Beam-linked startup launches with an eye on the next generation of RNA drugs
Dive Brief:
- Orbital Therapeutics, a Cambridge, Mass.-based biotechnology startup focused on RNA-based medicines, launched Wednesday with a research collaboration with gene editing company Beam Therapeutics.
- The new company will initially be run on an interim basis by Beam’s chief scientific officer Giuseppe Ciaramella and has access to some of the biotech’s drug delivery technology. It aims to use a variety of different technologies to broaden the reach of RNA drugs, which are currently limited to certain diseases, but didn’t provide specifics.
- Orbital is backed by venture firms Arch Venture Partners, a16z Bio + Health and Newpath Partners.

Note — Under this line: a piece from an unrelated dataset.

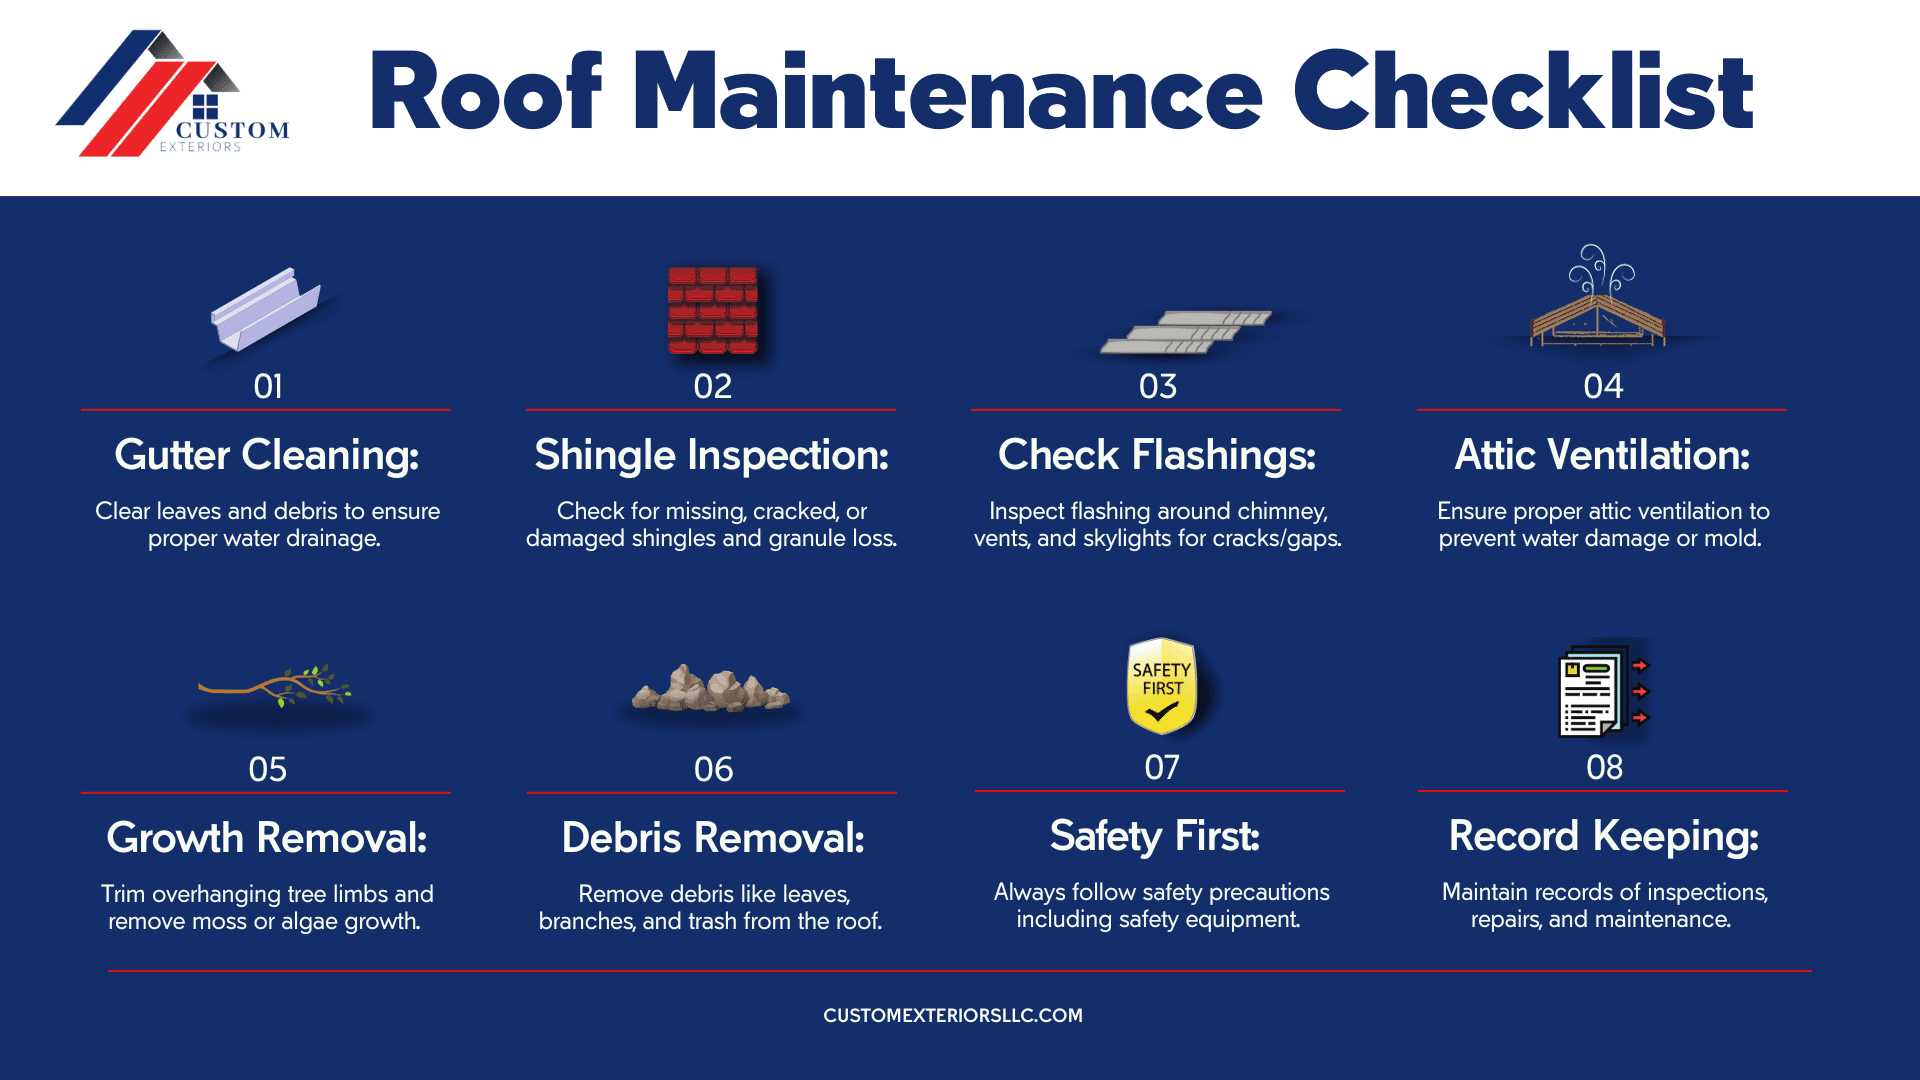 Infographic created by Custom Exteriors to provide a list of things that need to be checked regularly when inspecting your roof

The company is chaired by John Maraganore, the longtime CEO of Alnylam Pharmaceuticals, and counts University of Pennsylvania professor, Drew Weissman, a pioneering RNA researcher, among its founders.
Dive Insight:
Over the last decade, several technologies focused on RNA, the messenger molecules that help cells make proteins, have come of age. Two approaches — RNA interference and antisense oligonucleotides — have led to drugs for rare diseases and high cholesterol. Another method based on messenger RNA produced the COVID-19 vaccines that have saved millions of lives during the pandemic.
Those successes have shown the potential of RNA drugs to make new medicines, but also their limitations. RNA interference and antisense-based medicines remain largely constrained to disease targets in the liver, for instance, leaving many conditions beyond companies’ reach.
A wave of recently launched biotech startups aim to expand drugmakers’ toolkit. Over the last few years, investors have poured hundreds of millions of dollars into a handful of companies exploring next-generation RNA technologies. Large drugmakers have also begun to show interest.
Orbital is the latest to emerge. Though it’s unclear what its specific focus will be, the company says its platform includes both “established and emerging” RNA drug technologies and delivery tools. Those capabilities could help “extend the durability and half-life” of Orbital’s drug candidates as well as expand the types of cells and tissues they can reach, the company said in a statement.
“We see a huge opportunity in the setting of RNA-based therapies to overcome some of the shortcomings that have been there with the first generation of RNA companies,” said Maraganore, the longtime Alnylam CEO and an Orbital co-founder, in an interview.
Maraganore said Orbital is not developing RNA interference drugs, Alnylam’s specialty, or antisense oligonucleotides, which were advanced by Ionis Pharmaceuticals and others.
Instead, the company is exploring how RNA-based drugs might be used more broadly to make vaccines, treatments for autoimmune disease and protein replacement therapies. The company declined to say which specific conditions it’s targeting, or how far away it is from clinical testing.
Orbital’s research collaboration with Beam allows the companies to use each other’s technologies. Orbital will get access to Beam’s delivery tools, and be able to exclusively use them to develop vaccines and target certain unspecified therapeutic proteins. Beam has sole access to Orbital’s research for gene editing and the “conditioning” regimens used to prepare patients for cell therapies, the companies said.
The collaboration helps Beam “leverage cutting-edge advancements in RNA science” to develop gene editing drugs, Beam CEO John Evans said in a statement.
Beam will also own 75 million shares in Orbital, according to a Wednesday note from RBC Capital Markets analyst Luca Issi. The exact stake in Orbital that those shares give Beam will depend on future fundraising, Issi wrote.
The alliance with Orbital is the latest in a string of deals with up-and-coming biotech companies that Beam has signed.
Verve Therapeutics licensed technology from Beam to create a gene editing treatment for heart disease that recently began human testing. Prime Medicine, a richly funded biotech startup, announced a collaboration with Beam in 2019 to develop more precise DNA changing therapies. And in 2021, Beam bought Guide Therapeutics and its drug delivery tools for $120 million in stock.